There are some common food items mentioned by all Acharyas in the treatment of Prameha as Pathyahaara (food items that are conducive). Cereals like Yavam (Barley), Godhuma (whole wheat grain), Thrindhanya (like corn), pulses/lentils like Mudga (green gram), Channa (Bengal gram), etc. are rich in dietary fiber and may be taken by diabetics. It is a known fact that vegetables and fruits are rich in dietary fiber and are good options if you are particularly on a low-calorie diet. Ancient Acharyas astonish us there also, by specifically mentioning vegetables and fruits like Karela (bitter gourd), Methi (Fenugreek), Jambu (Blackberry), Amalaki (gooseberry), etc. as good for diabetics. Regarding the intake of oils, Sarshapa taila (mustard oil) is mentioned as the best and because it contains about 60% monounsaturated fatty acids, it is also good for diabetics who watch out for calorie intake.

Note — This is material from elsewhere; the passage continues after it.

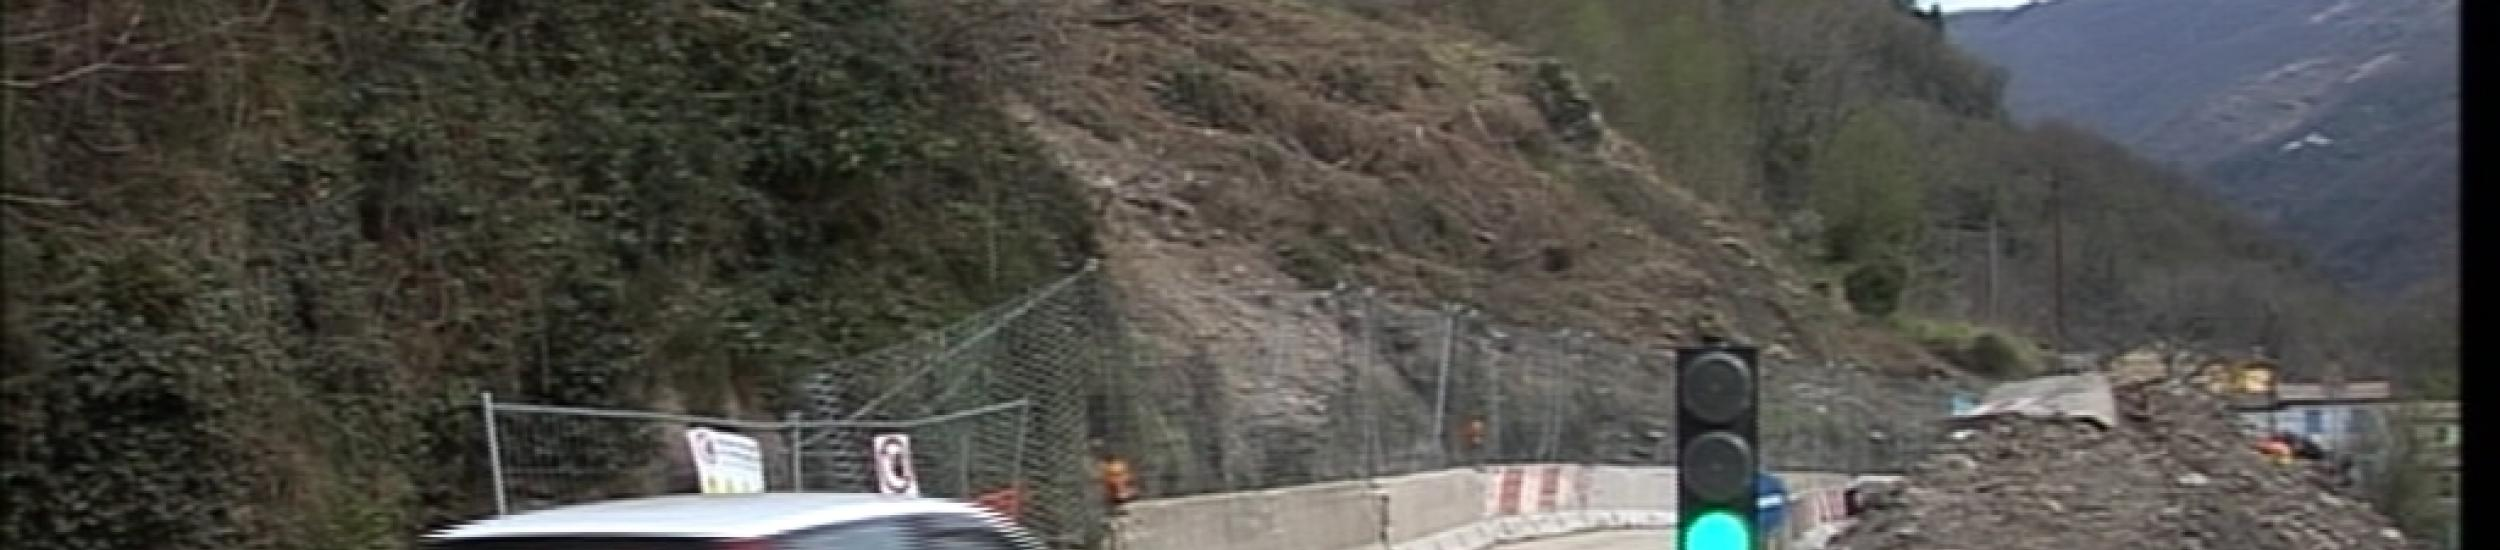 News: Scoglina, a lorsica la provinciale è riaperta

It is interesting to note that these are easily available and practical options to include in our daily diet. Apart from these, there are certain impressive recipes too mentioned in classical treatises with these ingredients that can be prepared very easily. Vaatya (barley porridge), Sakthu (roasted corn flour), Aapoopa (pancakes with any mentioned cereals), Yavam soaked in the decoction of Triphala, kept overnight and mixed with honey, etc. are some examples.

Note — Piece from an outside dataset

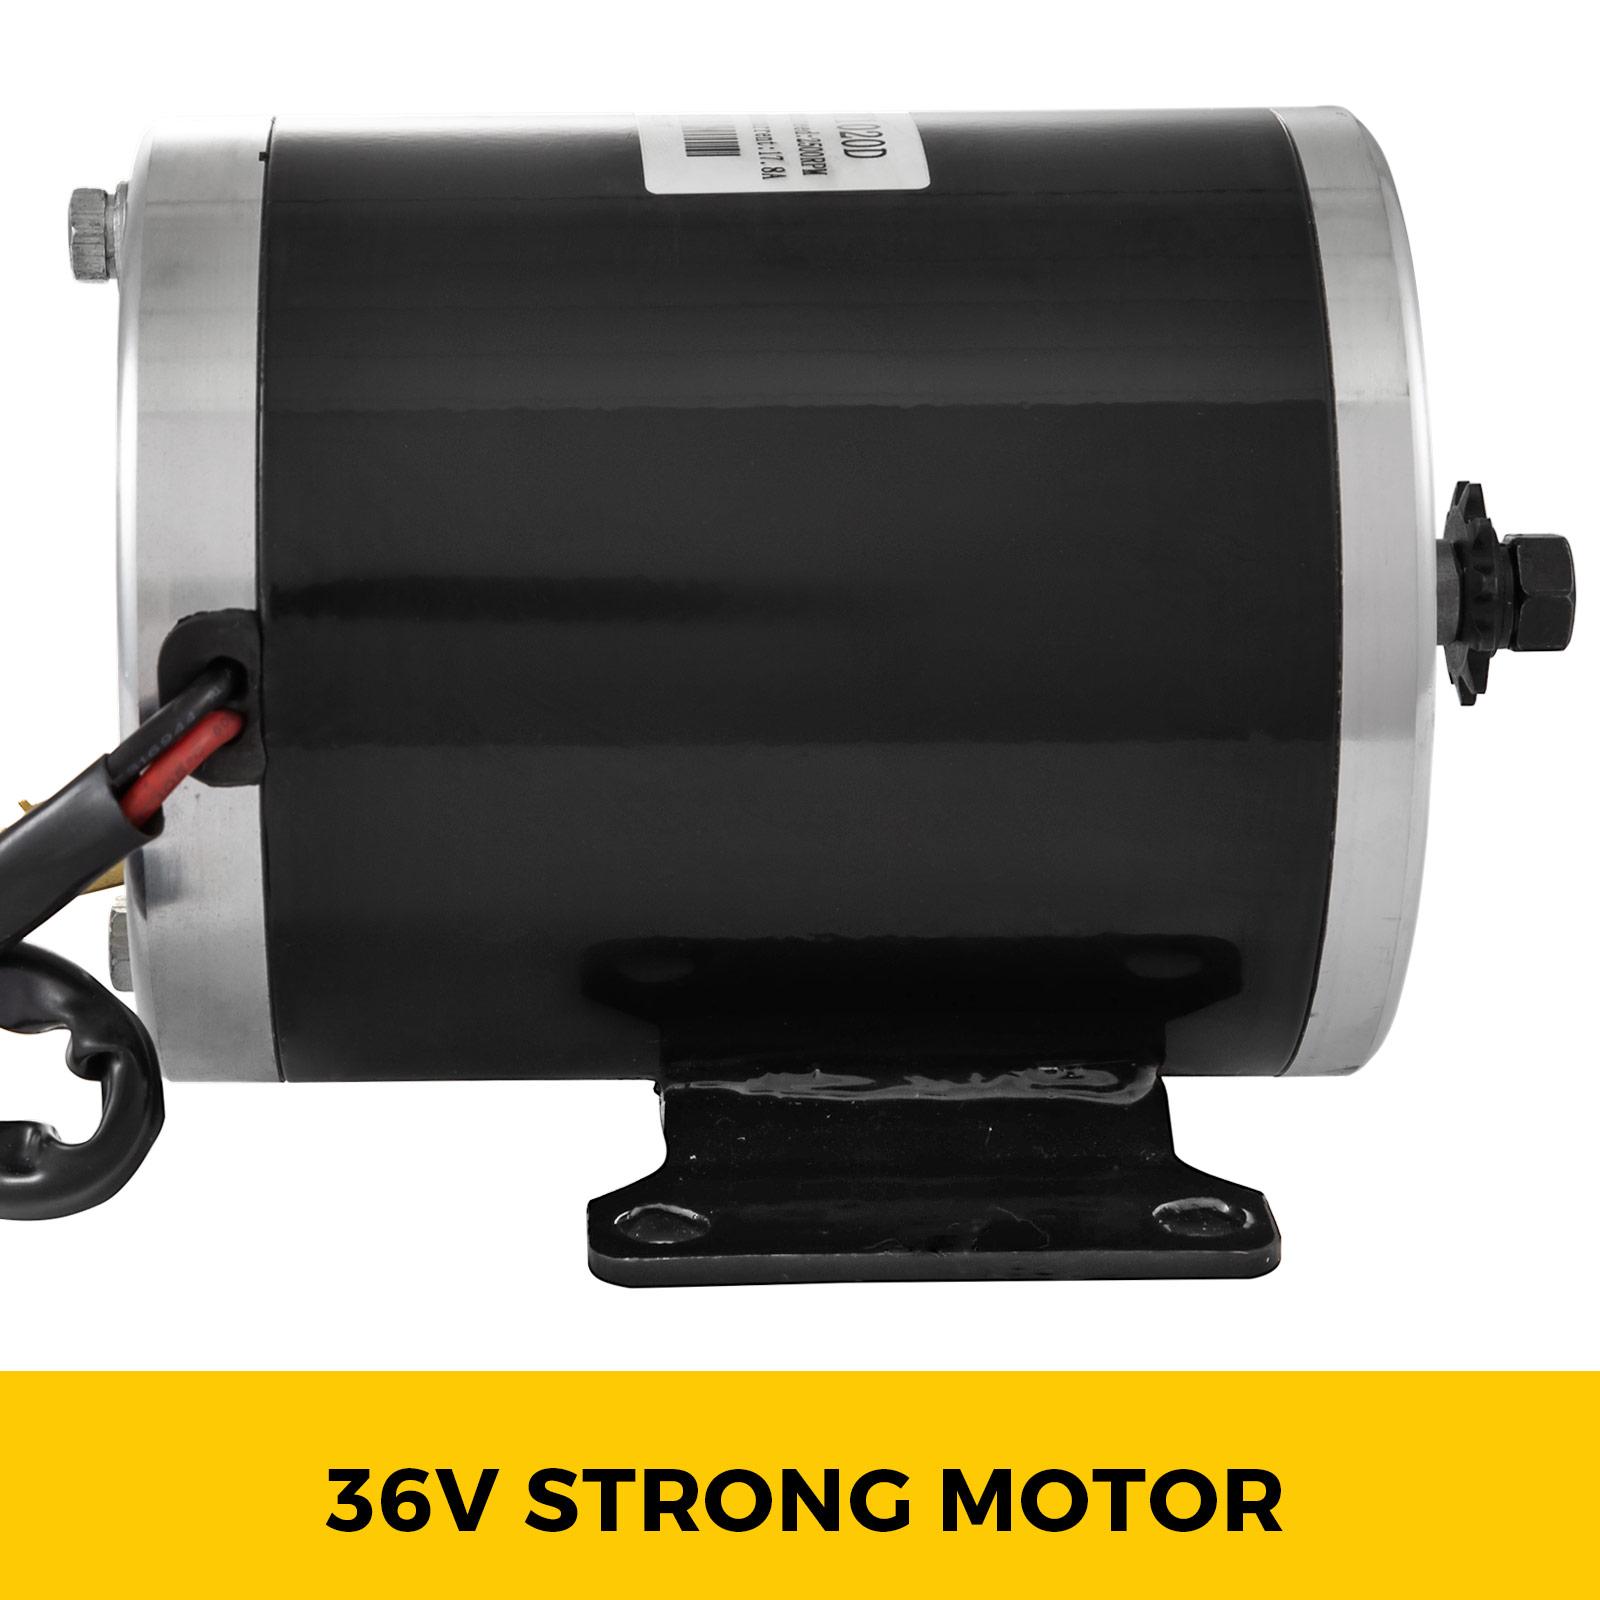 36v-Electric-Motor-controller-throttle-kit-f-Scooter-E-Scooter-ATV-Permanent thumbnail 26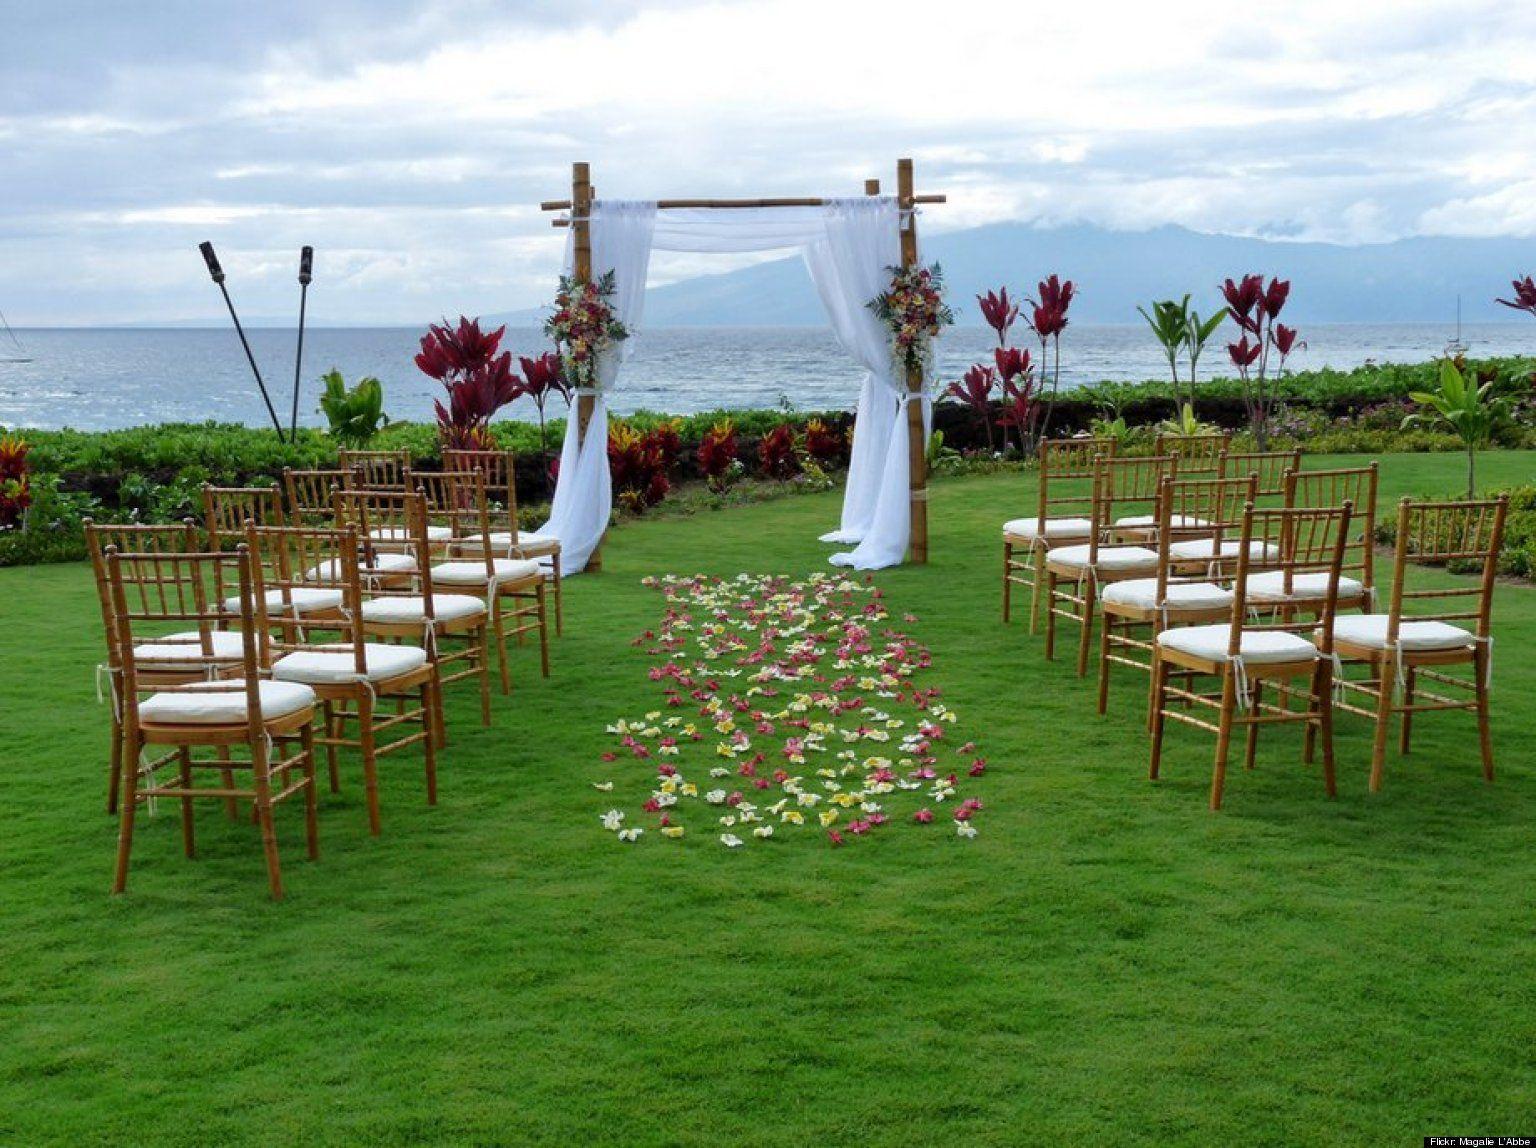 10 Small Garden Wedding Ideas Most Awesome And Attractive Pernikahan Kecil Tempat Pernikahan Perkawinan Sederhana

Furthermore, Acharya Charaka also emphasizes that people who habitually take roasted barley, dry corn-flour, mudga and amalaki do not suffer from prameha.
Type 2 Diabetes mellitus is a chronic disease that can be managed effectively with appropriate medicines, diet control, and lifestyle modifications. Many of us have a misconception that it may be controlled with medicines only. But what we tend to forget is that Diabetes can even be prevented if your diet and lifestyle are properly taken care of from the beginning itself. Better late than never. So, prepare yourself for a high fiber low calorie diet, try some innovative ancient recipes and enjoy a healthy long life with Ayurveda.